這時候大殿外安靜的一根針落下的聲音都聽得一場清楚,每個人的呼吸聲都是那麽清楚,那麽小心翼翼。
“怎麽都不說話了,各位大人可是有什麽意見?”
“臣等不敢,公主明察秋毫,公主千歲千歲千千歲。”
殿雙悠悠離開,留下那一群嚇得腿軟的大臣和劉大人求饒之聲。特別是看到那賬本上有他們名字的大臣。在看到了刑部侍郎劉大人的下場之後,硬是撐住暈倒的衝動,挺著等殿雙離開。
一天之後,刑部侍郎劉勇罪證被查,劉大人被抄家,此事震驚朝野。啟皇卻一副高深莫測的模樣,微笑著看著這一切發生,至始至終都沒說什麽。
他的沉默自然而然的被認為是默認,朝堂內外更是在沒有人敢反對什麽。有劉勇那麽個活生生的例子在那兒,誰敢不怕死的冒犯公主?
也就是如此,他們才從心底害怕了這獨一無二的公主殿下。
綁架通寶錢莊當家的事不攻自破,因為金玉緣在事發之後的第二天下午便被雪軒當家雪色派人送回金府。
如此一來,世人都道那件事隻是一個誤會,好在殿雙並未追究,否則後果不堪設想。

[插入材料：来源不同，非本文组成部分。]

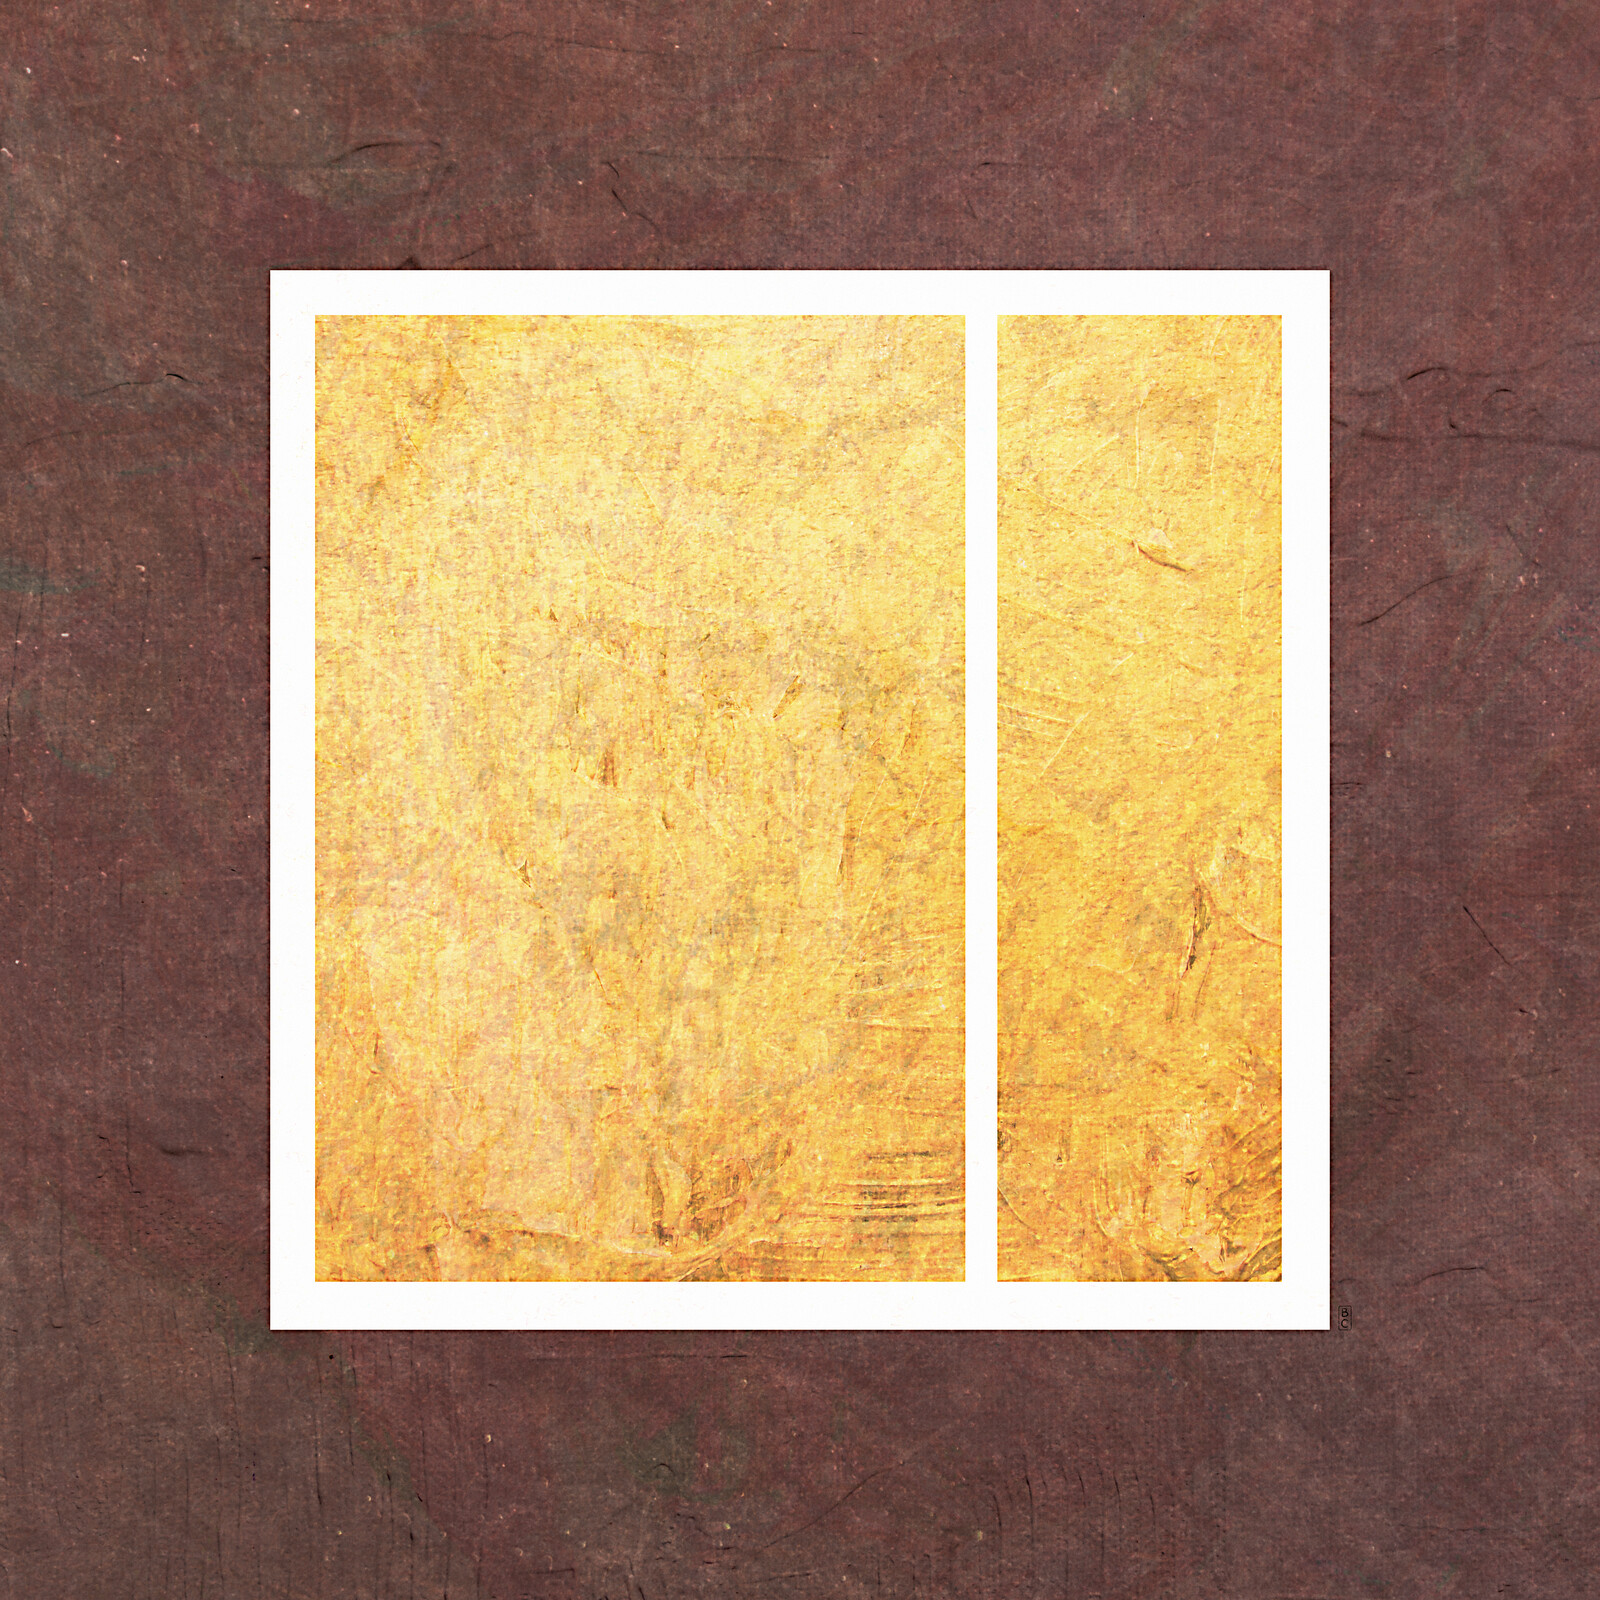 Two yellow rectangles (one wider, one thin) with a white border on a dark brown background.

這般恩威並施,進退有度,這天下恐怕在沒人敢小看這位傳聞中的金枝玉葉了。
劉勇一案當真是嚴查了,劉勇落網之後,丞相寧遠便著手追查劉勇的餘黨,但凡有所牽扯的,必定嚴辦。
一時之間朝野上下人人自危,生怕自給兒那點而事被查了出來。隻有那些行的正坐得直,真真正正的清官才有恃無恐,在他們看來,這事反而大快人心
短短一天一夜,就有許多違法亂紀之徒被懲處。
朝堂內外,當真是一半歡喜一半憂。
正因如此,她倒是看清了許多平日裏被隱藏起來的事情。這麽一鬧騰,許多事便昭然若揭。
前些日子,因為太師王升一事想翻案的太師黨一下子都沉默了,朝堂上難得安靜了幾日。
殿雙的手段,那雷霆萬鈞的氣勢都足以讓他們害怕惶恐。他們這些人或許在過不久也會成為她的刀下之鬼。眼下丞相一群人也正在積極的打擊他們,除了一個人,當真就沒有人能夠救他們了。
“並非老夫不想,隻是有心無力啊。”
太師老奸巨滑,太師黨的人都是經過他精心挑選,每一個都是厲害的人物。雖說現在這多事之秋大家都是明哲保身,可放著那麽大一塊肥肉不吃,豈不是對不起自己?
如今這朝堂之上,能夠護得了他們的也隻有他太尉李忠,他們自然會來相求。這麽容易就接受了太師的精英人員,他何樂而不為?
而且,那丞相並非清白得很,就算那件事,也足夠讓他對他手下留情了。
燕兒也傳信說容軒欲休妃而立她為妃,到時候他在朝中的勢力便一日千裏。這來日方長,他有的是機會絆倒丞相。
“太尉大人,你可一定要救救我們啊。這太師一死,丞相便打著公主的幌子對我等趕盡殺絕,再這樣下去,大家都難逃一死啊。”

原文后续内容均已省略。